Mudanews.com OPINI – Setiap isu waktu tunggu pasien mencuat, dokter hampir selalu dijadikan sasaran utama. Lamanya antrean kerap dipersepsikan sebagai akibat dokter bekerja lambat atau tidak disiplin. Pandangan ini keliru, karena waktu tunggu bukan persoalan moral atau etos kerja dokter, melainkan indikator kegagalan desain sistem pelayanan kesehatan.

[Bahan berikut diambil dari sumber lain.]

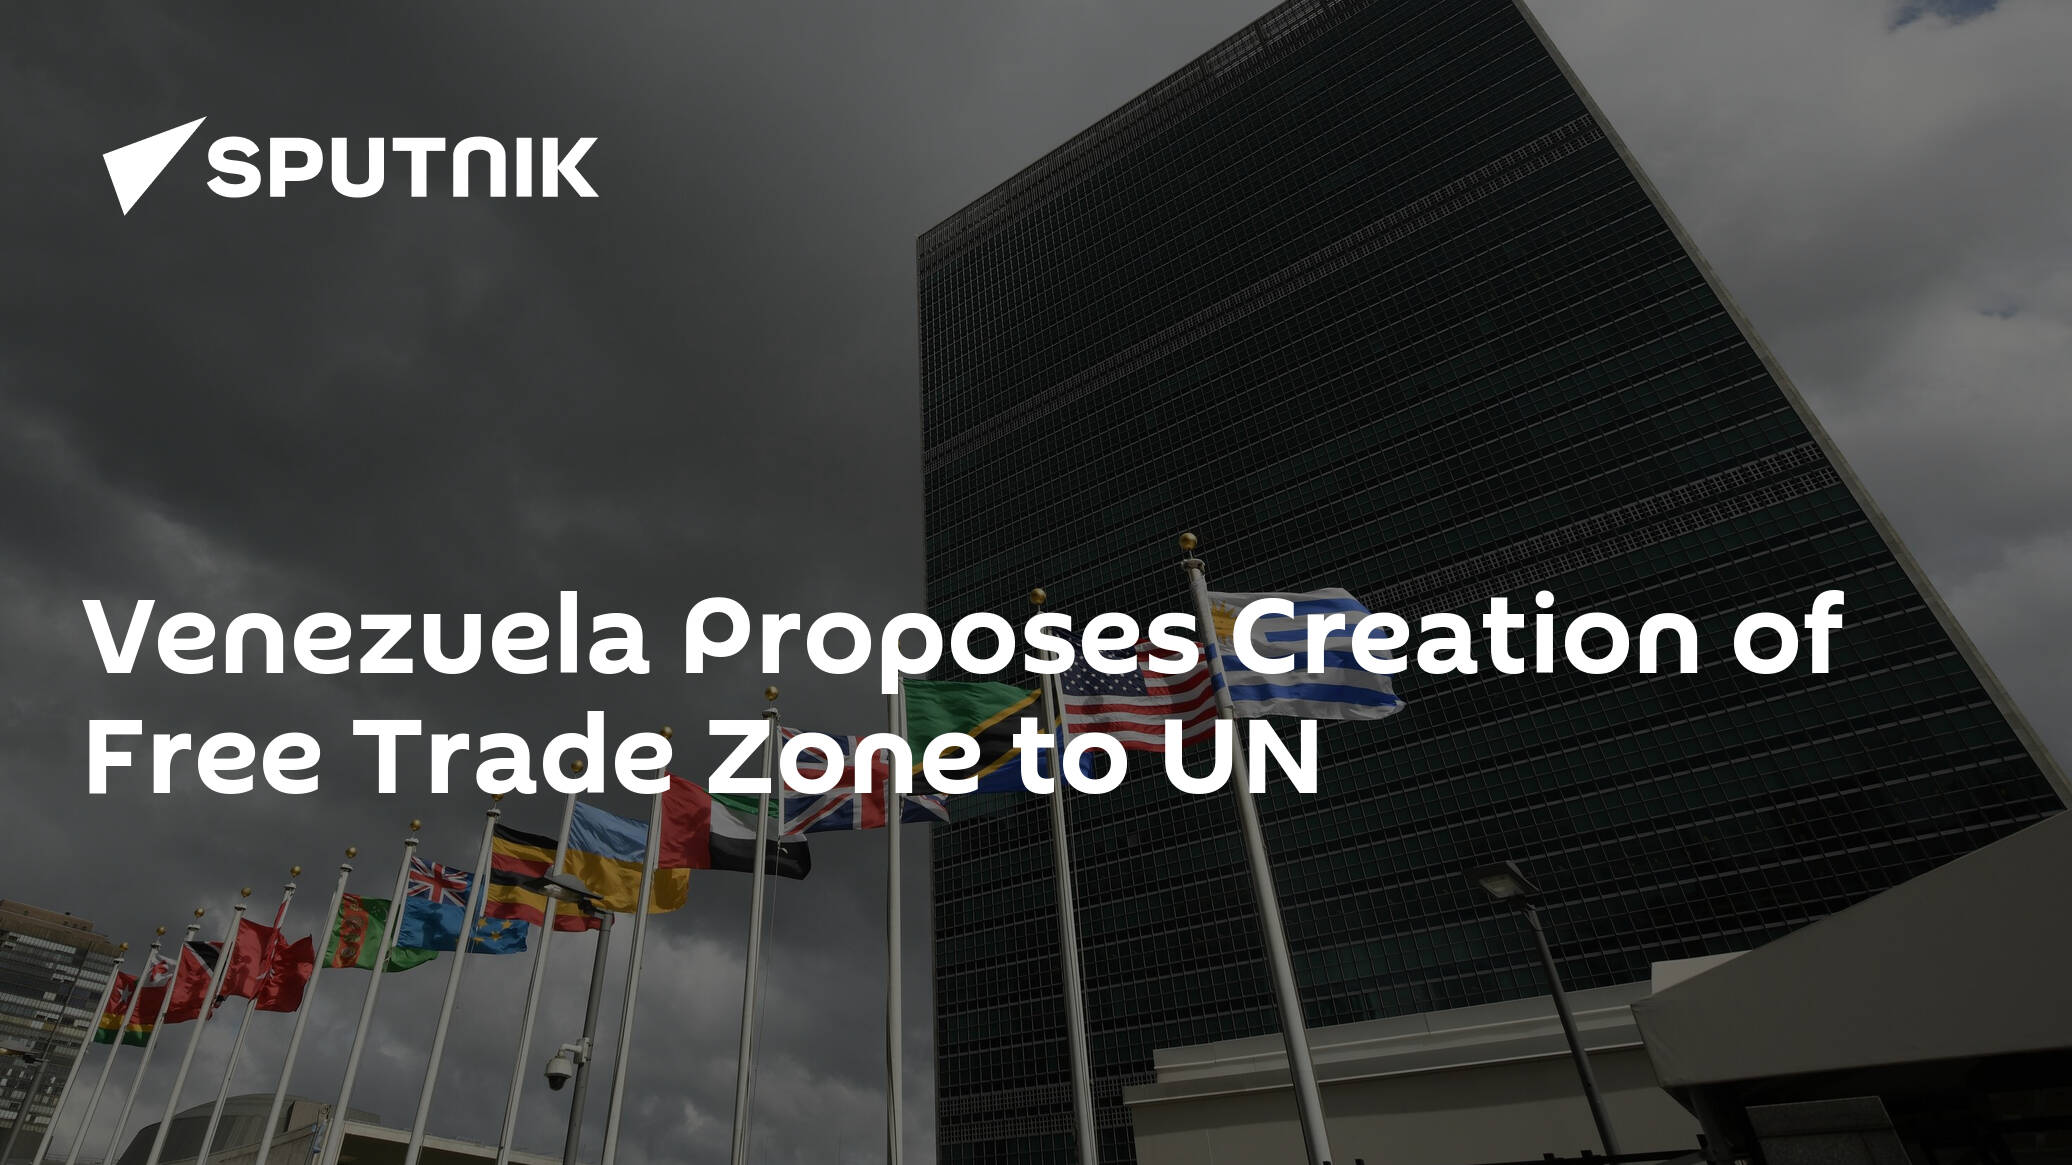 Venezuela Proposes UN to Create Sanctions-Free Zone

Waktu tunggu pasien mencakup rangkaian proses panjang, mulai dari pendaftaran, verifikasi, antrean, pemeriksaan awal, hingga konsultasi dokter. Namun dalam kebijakan, kompleksitas ini direduksi menjadi target administratif semata. Target BPJS <60 menit terdengar ideal, tetapi di lapangan sering berubah menjadi alat tekanan dan ancaman sanksi, tanpa evaluasi jujur terhadap kapasitas layanan.

Kecepatan dijadikan ukuran mutu, padahal mutu pelayanan medis tidak sesederhana itu. Pemeriksaan yang baik membutuhkan waktu, ketelitian, dan komunikasi. Menekan waktu tanpa memperbaiki sistem justru meningkatkan risiko kesalahan medis yang berujung pada kerugian pasien dan dokter.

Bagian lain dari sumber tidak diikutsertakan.